Eyes Wide Open: Late Thoughts, Another Jungian Romance.
Description
Contains Bibliography, Index
$25.00
ISBN 978-1-894574-18-1
DDC 158.1
Author
Publisher
Year
Contributor
Matt Hartman is a freelance editor and cataloguer, running Hartman Cataloguing, Editing and Indexing Services.
Review
This is the last piece of the SleepNot Trilogy. Earlier volumes are Not the Big Sleep (2005), followed by On Staying Awake (2006). Daryl Sharp is a practising Jungian analyst based in Toronto. At the basis of Jungian psychoanalysis is the concept of individuation, which Sharp defines in his 1991 Jung Lexicon as “a process informed by the archetypal ideal of wholeness, which in turn depends on a vital relationship between ego and unconscious.” This process further conceptualizes the relationship between the conscious and unconscious, Jung (and Sharp) say. Since the unconscious is at the basis of our condition and since, at some perceived level, it is threatening, “the reason why consciousness exists, and why there is an urge to widen and deepen it, is very simple: without consciousness things go less well.”

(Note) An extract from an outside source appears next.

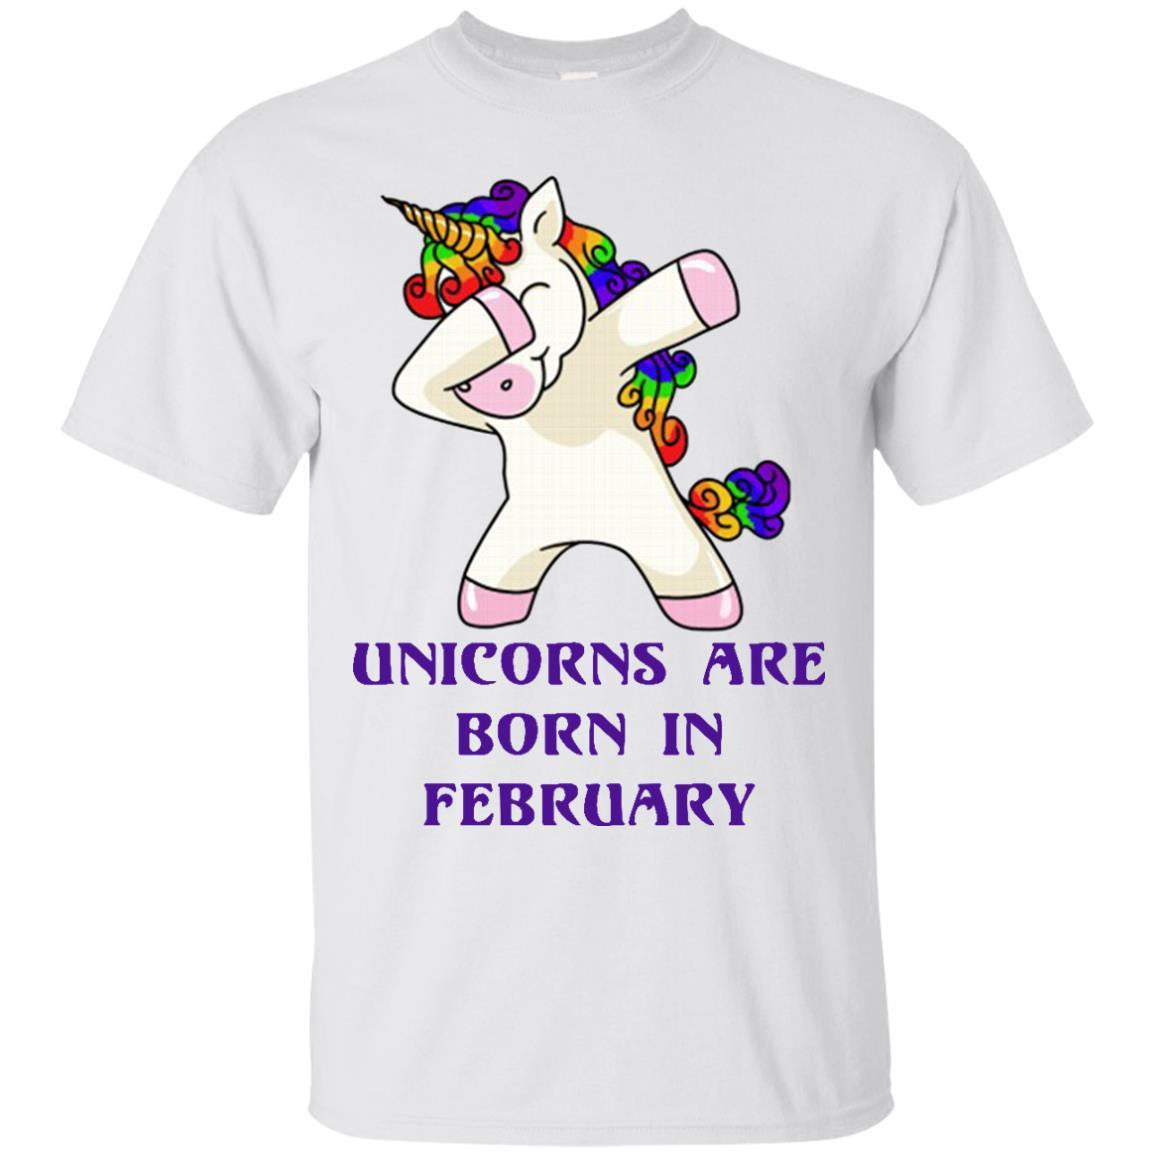 Dabbing Unicorns are Born in February shirt, tank top, racerback

Despite efforts to minimize and, if you will, humanize the jargon, it is there aplenty. Much of the Jungian theoretical constructs are presented in the form of dialogues between the author and his friend and older colleague, Professor Adam Brillig, himself an analyst. Brillig serves as both sounding board and “sometime mentor.” “When I am in a quandary,” Sharp says, “I read Jung and, if it persists, I call on Adam.”
This final book in the trilogy, says its author, is simply “another romance (or conceit) on the theme of trying to stay conscious … It is a bald-faced vehicle for explaining and promoting Jung’s ideas about the psyche, interspersed with my own brand of mischief and comic relief, illustrated for the most part by my personal experience.”
Sharp does a good job here at familiarizing his readers with what is at the basis of Jung’s archetypal constructs. Those with an interest in these ideas will enjoy the book.